What is being asked:
With the pictures set aside, write out all of the data exactly as it stands.

Supplied material:
□ □ □ □ □

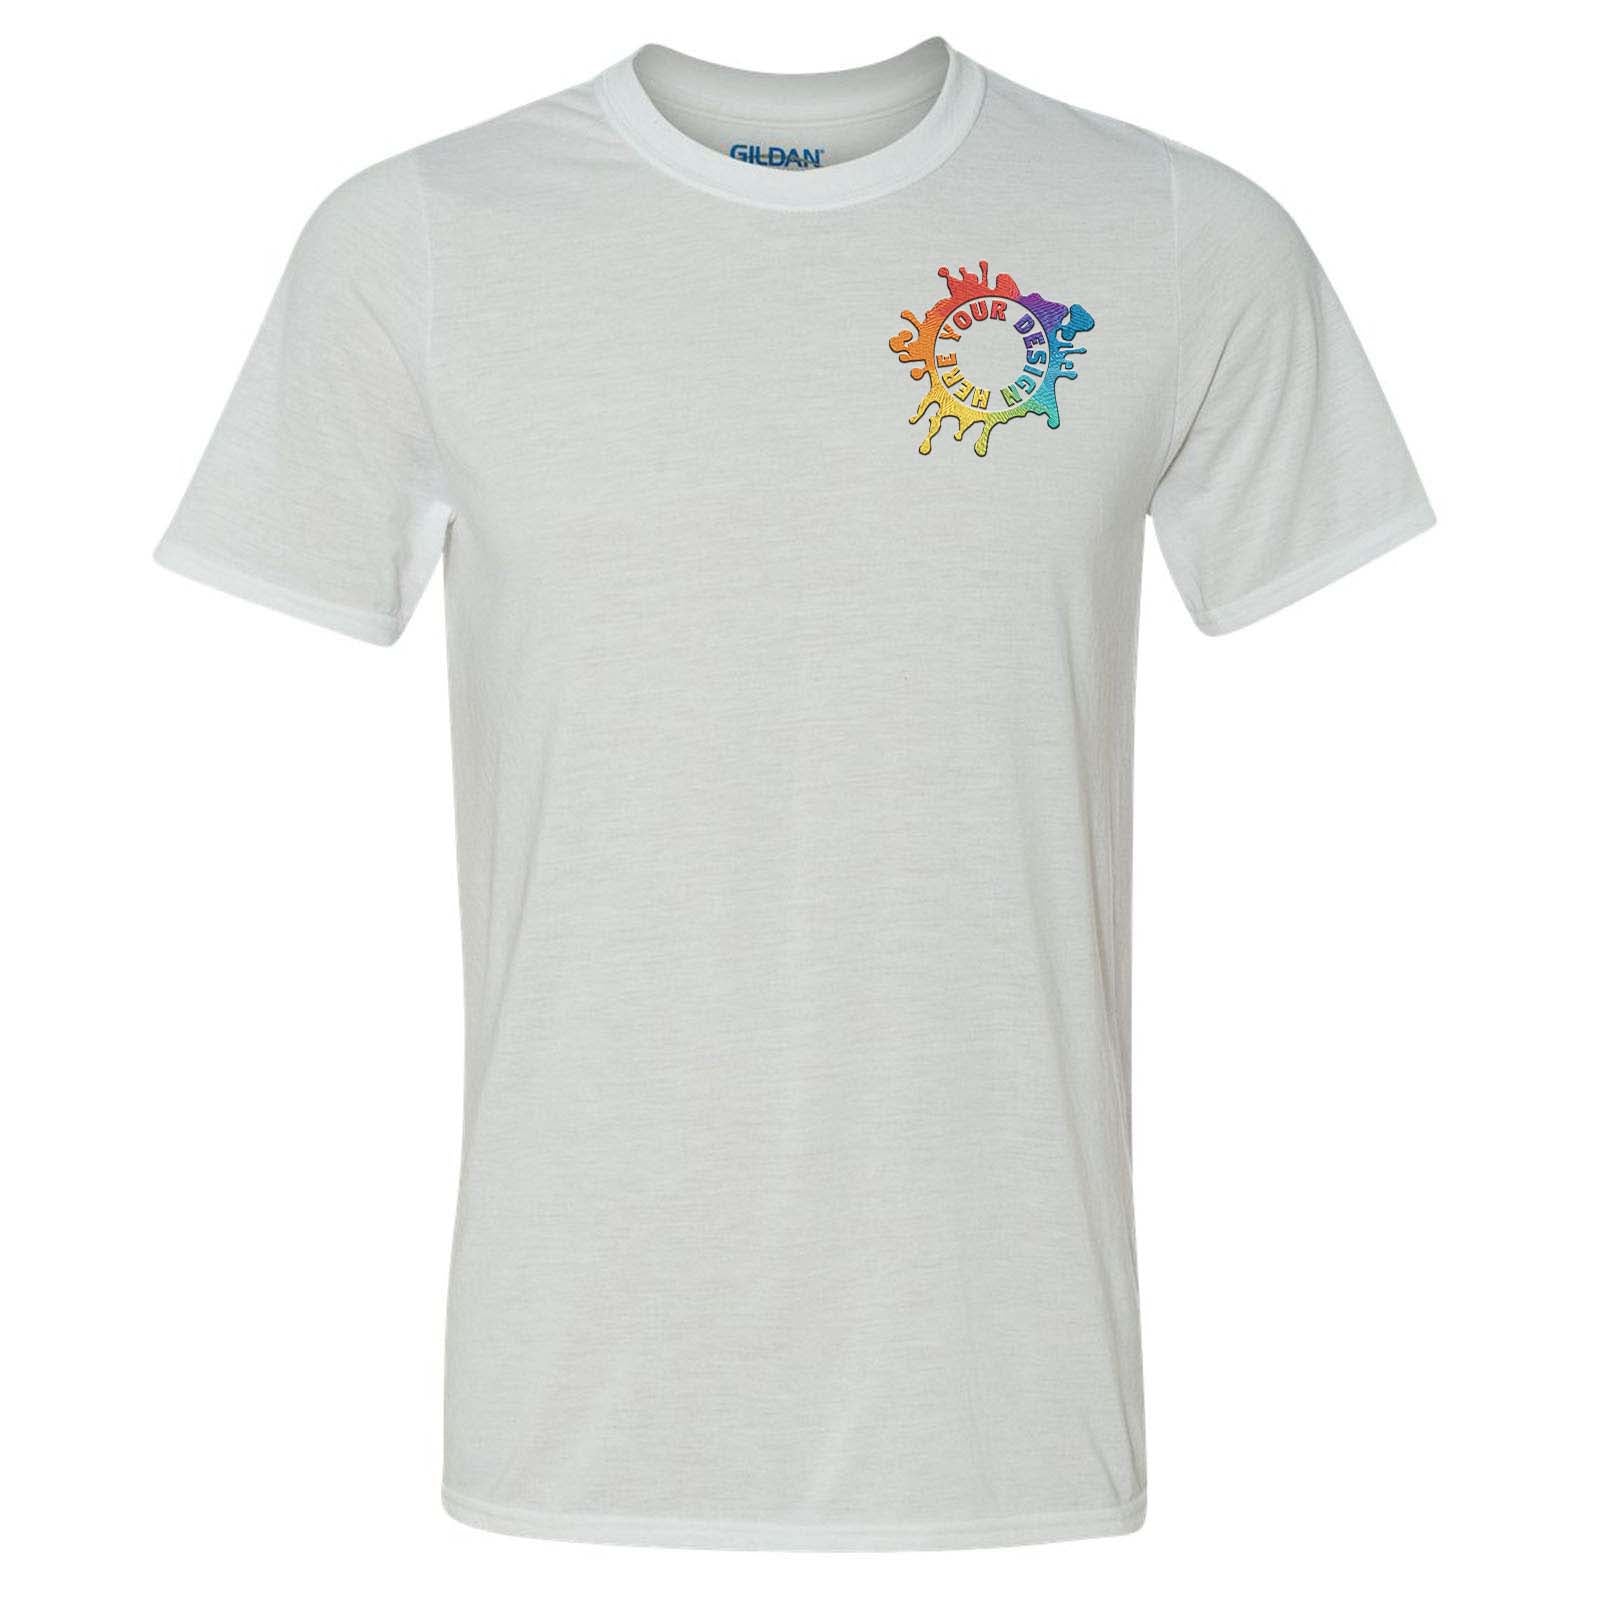 Gildan Men's Performance Polyester T-Shirt Embroidery - Mato & Hash
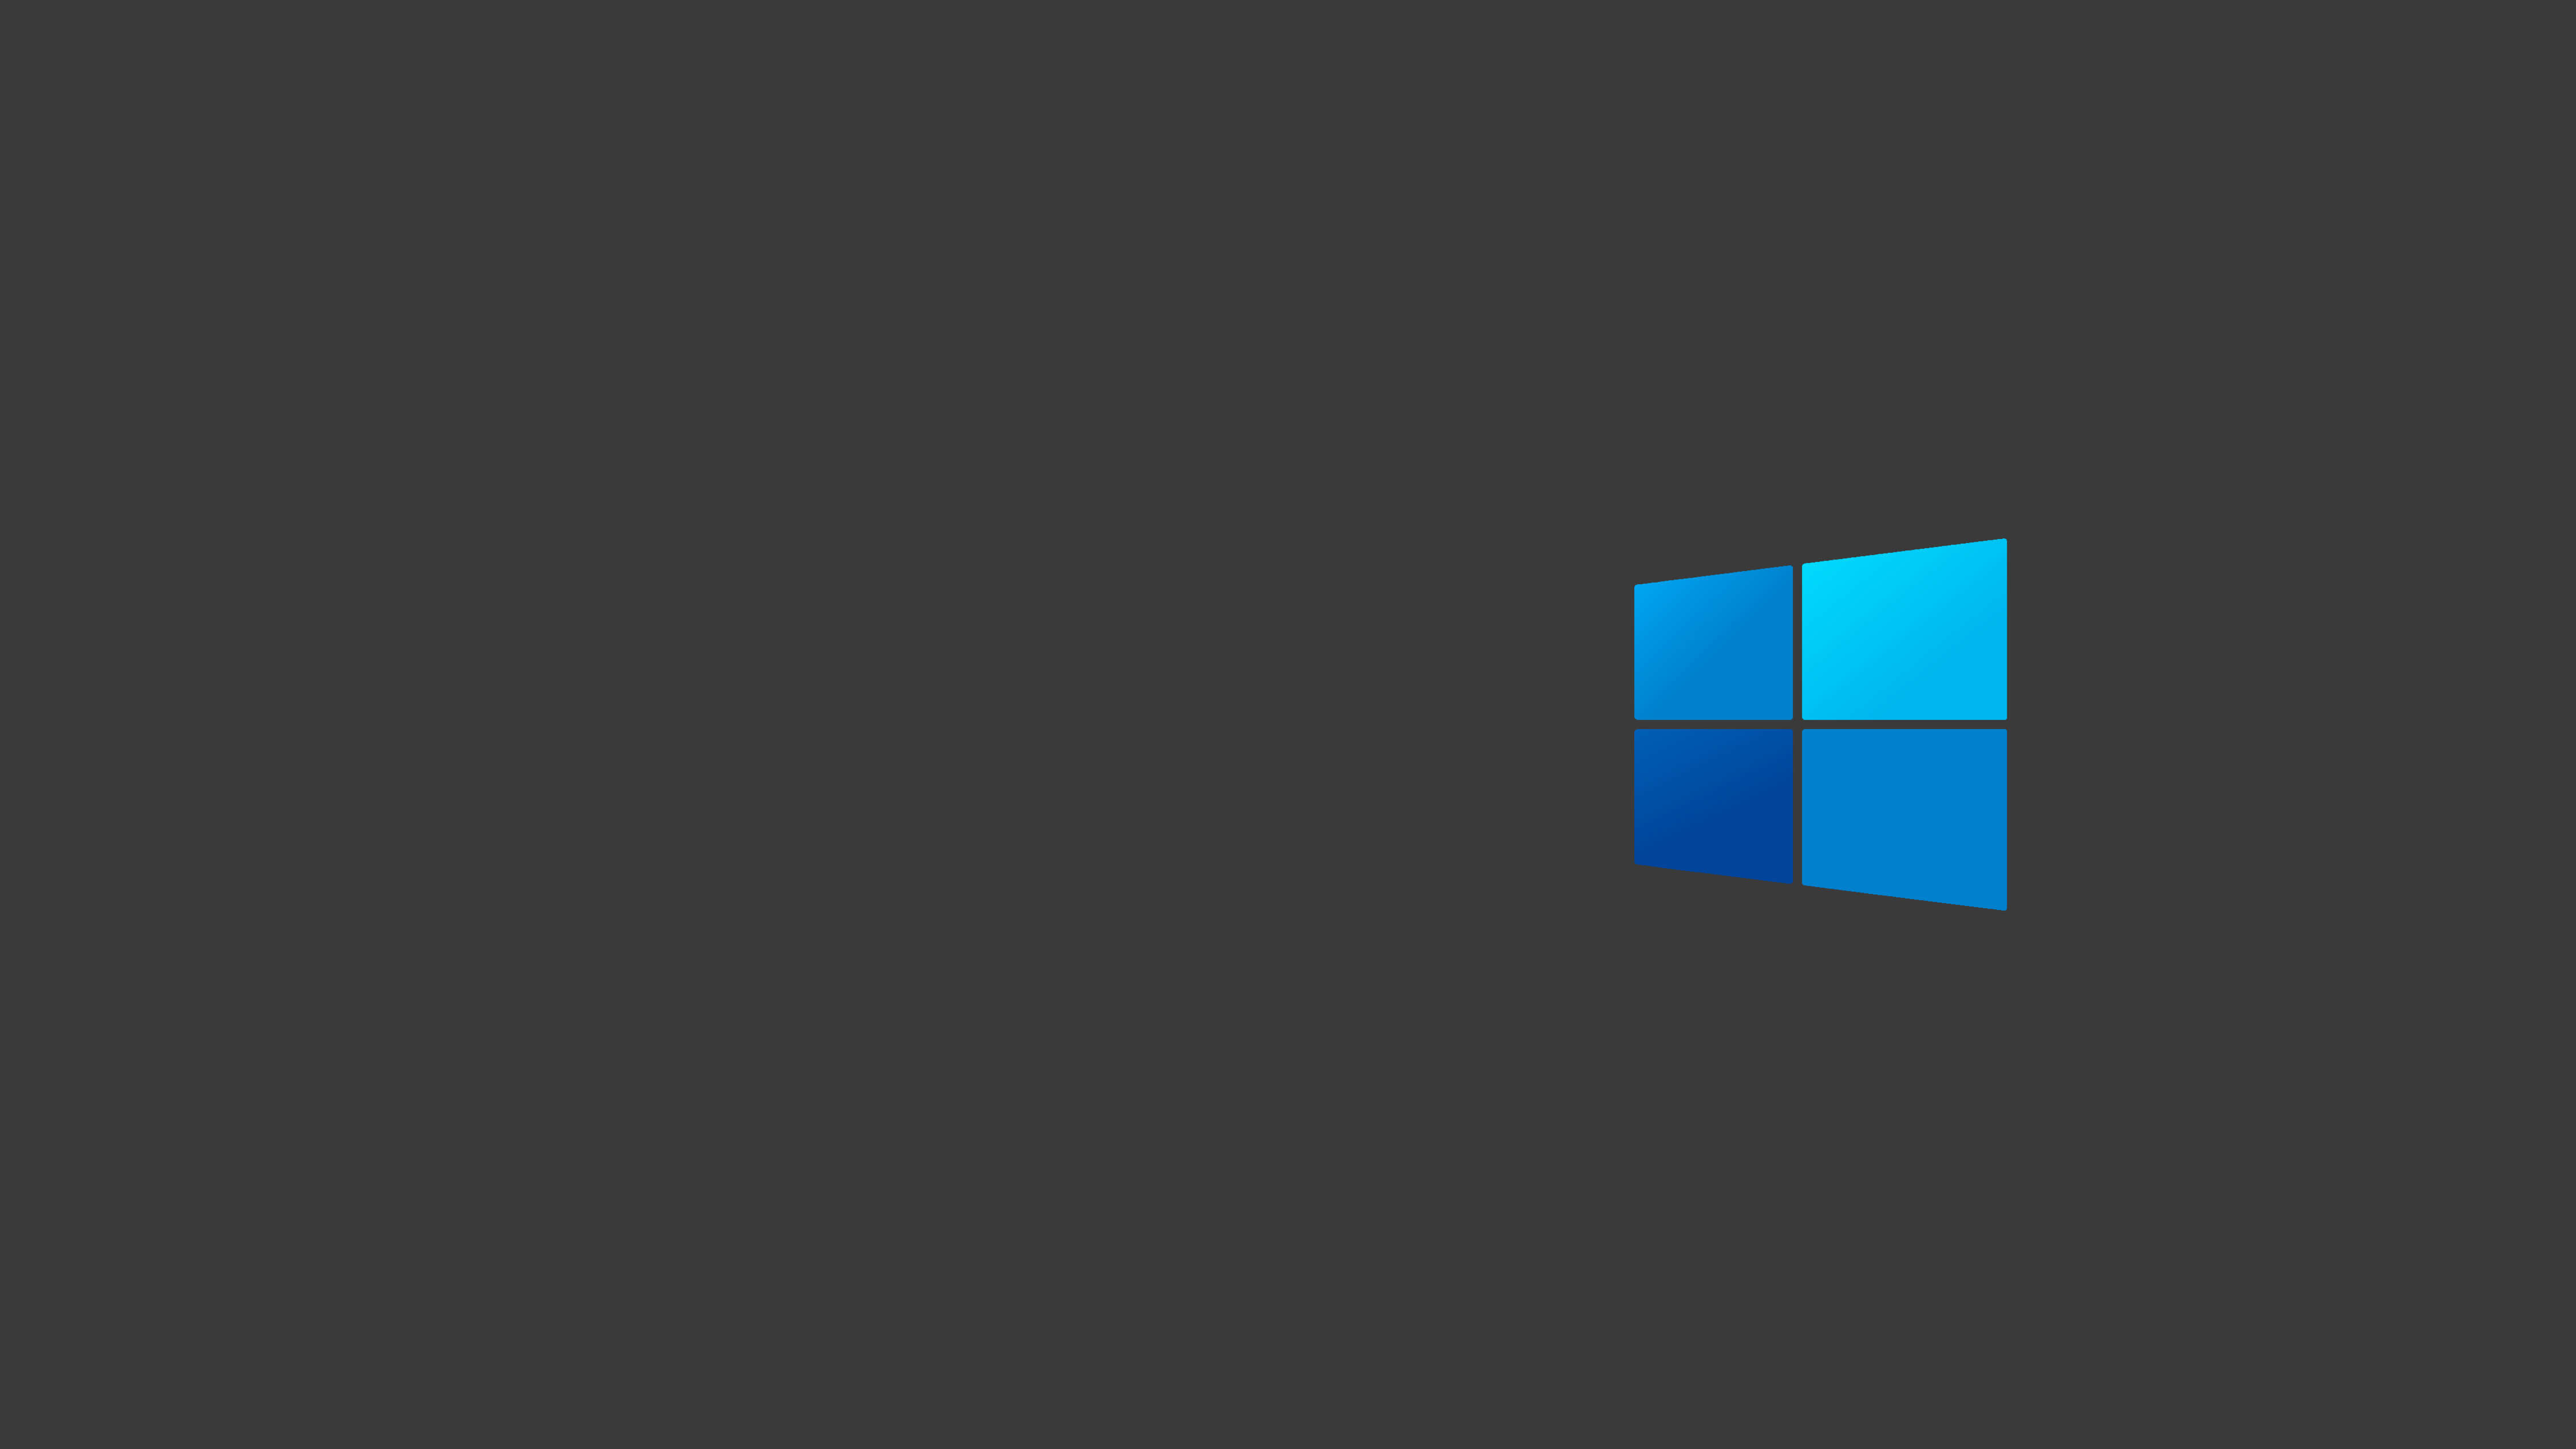 7680x4320 Windows 10 Dark Logo Minimal 8K Wallpaper, HD Minimalist 4K  Wallpapers, Images, Photos and Background - Wallpapers Den
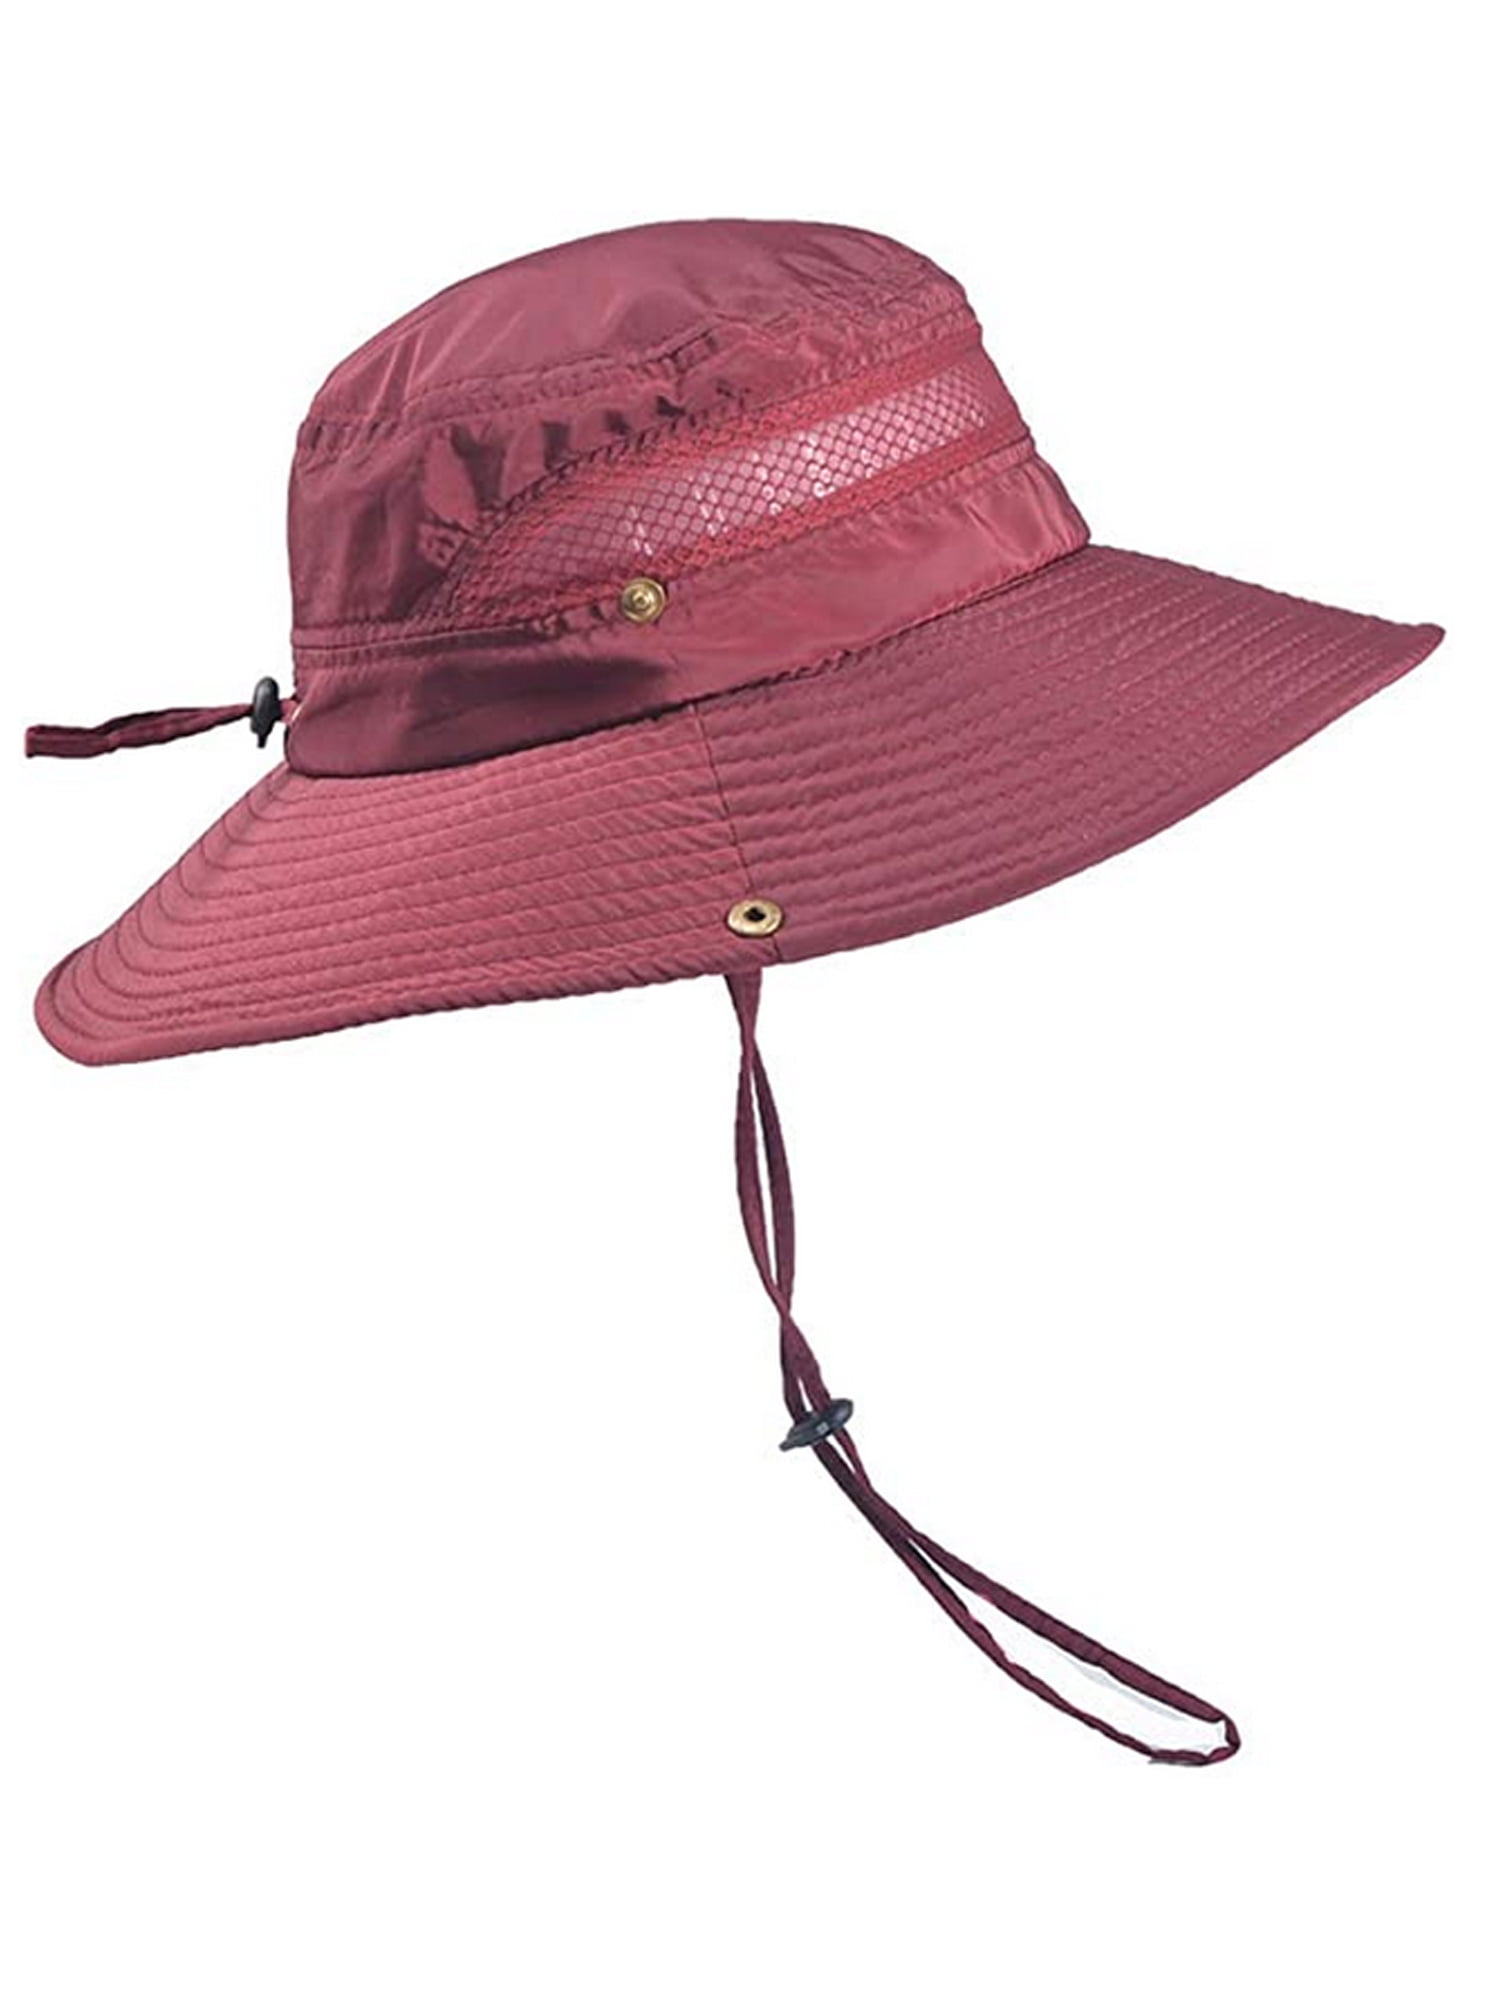 Fisherman's Fishing Unisex Sun Bucket Safari Hiking Cotton Army Cap Boonie Hat

□ □ □ □ □

Task answer:
 Gildan Men's Performance Polyester T-Shirt Embroidery - Mato & Hash
 7680x4320 Windows 10 Dark Logo Minimal 8K Wallpaper, HD Minimalist 4K  Wallpapers, Images, Photos and Background - Wallpapers Den
 Fisherman's Fishing Unisex Sun Bucket Safari Hiking Cotton Army Cap Boonie Hat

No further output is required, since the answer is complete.